All data files released under the Main study SN6614 EUL version are listed below. The Special License version of the survey SN6931 includes the same files but with some additional variables and for some income variables the non-top-coded values of those variables. The Secure Access version of the survey data is available as SN6676. It includes all files in the Special Licence version and files that contain 3 variables relating to the National Grid Reference for each household: Easting, Northing and positional quality indicator (OSGRDIND). This Secure Access version also includes variables for the full dates of birth for Understanding Society and BHPS respondents. The different access level are explained on the Data Access page.

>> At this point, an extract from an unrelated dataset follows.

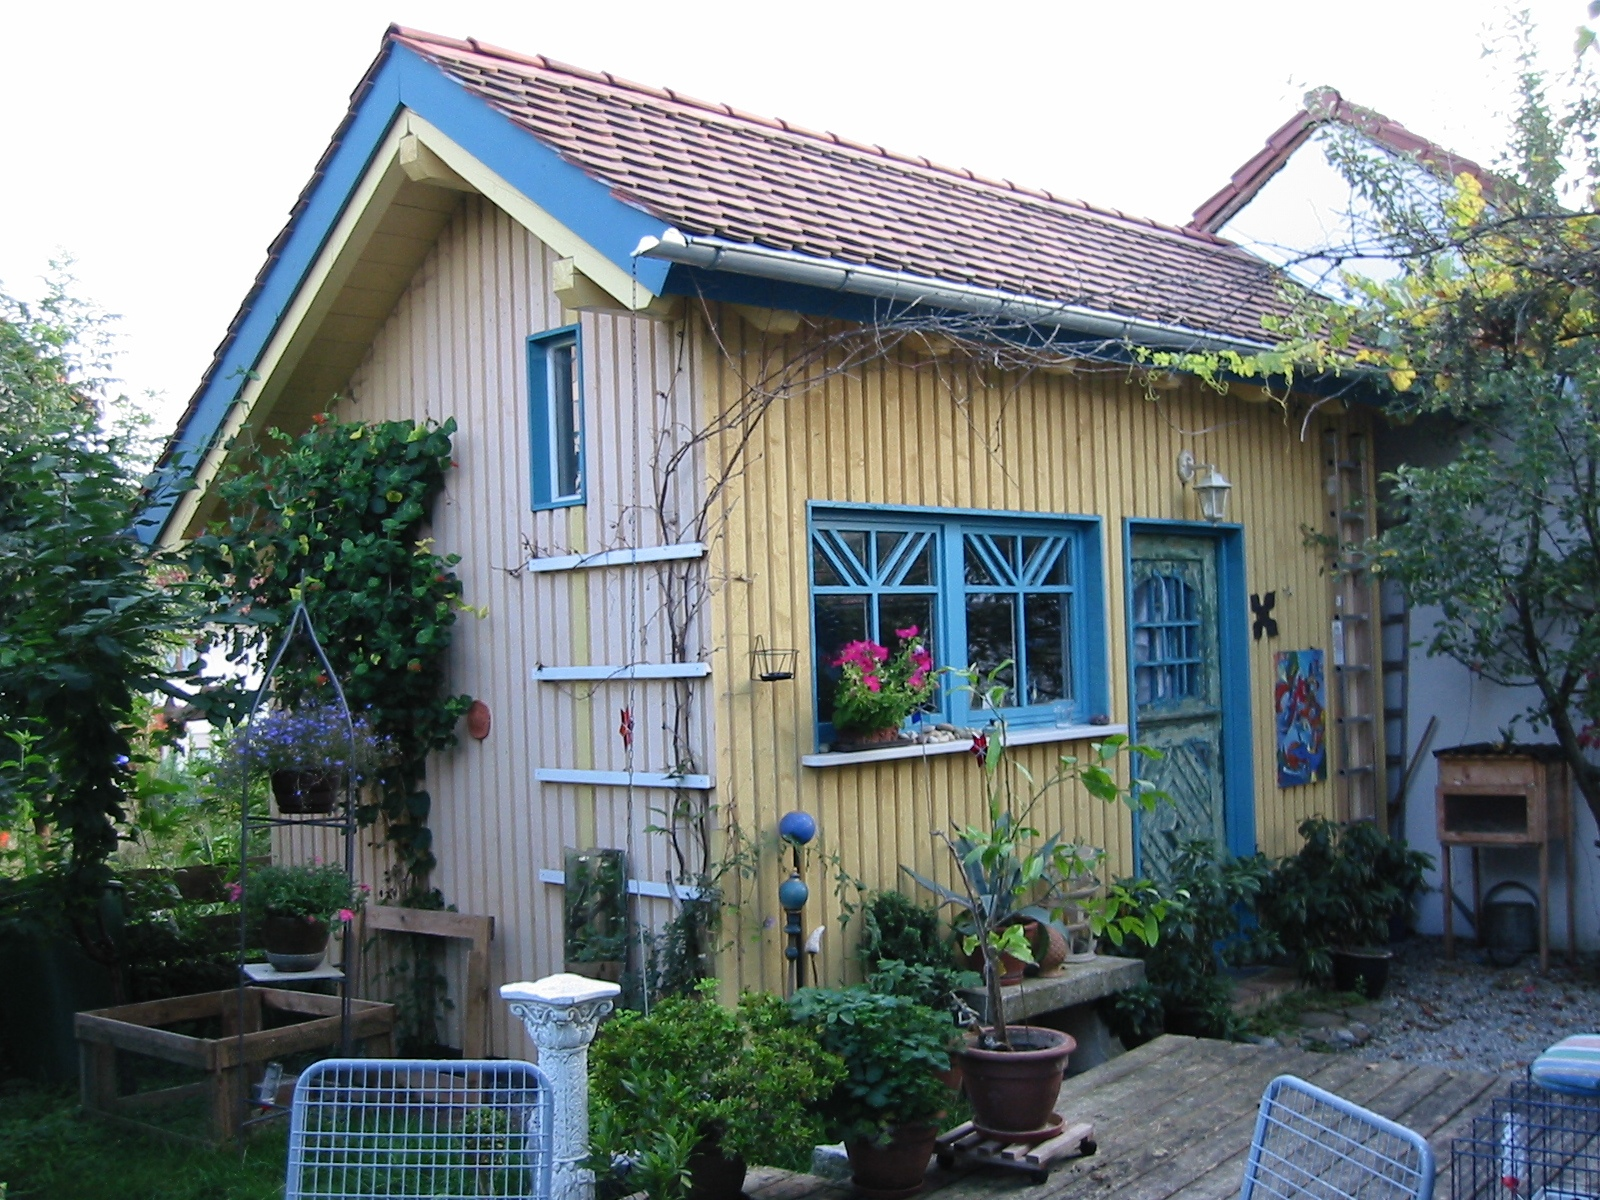 Atelier in Dettenschwang, Werkschau 2005

Data collected from different sources (e.g. the household interview, the adult interview, the youth interview) are stored in separate files. Each wave has a set of such files. To make it easier to use, files have the same root name, but begin with a letter prefix to reflect the wave the data are collected. So, “a_” for the first wave, “b_” for the second wave (in this user guide we have used “w_” to denote waves in general). From the Wave 7 data release onward (November 2017) Understanding Society-harmonised BHPS data files are also included. Most files exist for both studies and if they do and have been harmonised, the file stem name will match. Wave-specific harmonised BHPS files can be identified by the wave prefix bw_. Note: BHPS data files that have not yet been harmonised but have the same stem name as UKHLS files have the suffix _bh , but files that are unique to the BHPS do not need to have such suffixes (harmonised or not).

Table 1 lists the main data files such as indresp which includes information collected during adult interviews, youth which includes information collected during youth interviews. To avoid creating very large files, some information collected during adult interviews are provided as separate smaller multi-level levels, see Table 3 and Table 4 for a list of these files.

Stable characteristics – information collected once during the first interview

Some stable information such as date of birth, ethnicity, country of birth are collected in the first time a person is interviewed. So, while for the core sample members this will be asked in the initial wave, for those joining the household after that, they will be asked in the wave they joined. To make it easier for data users, this information has been asked in different waves for different respondents and has been put in one individual level file, xwavedat. There are a few other such cross-wave files, which all begin with “x”. See Table 2 for a list of such files.

Some information is collected about the interview and sampling process, such as number of calls made by the interviewer, outcome of each call, interviewer ID, the information the interviewer collects about the condition of the property and neighbourhood, time taken to complete a questionnaire module and so on. See Table 5 for a list of these files.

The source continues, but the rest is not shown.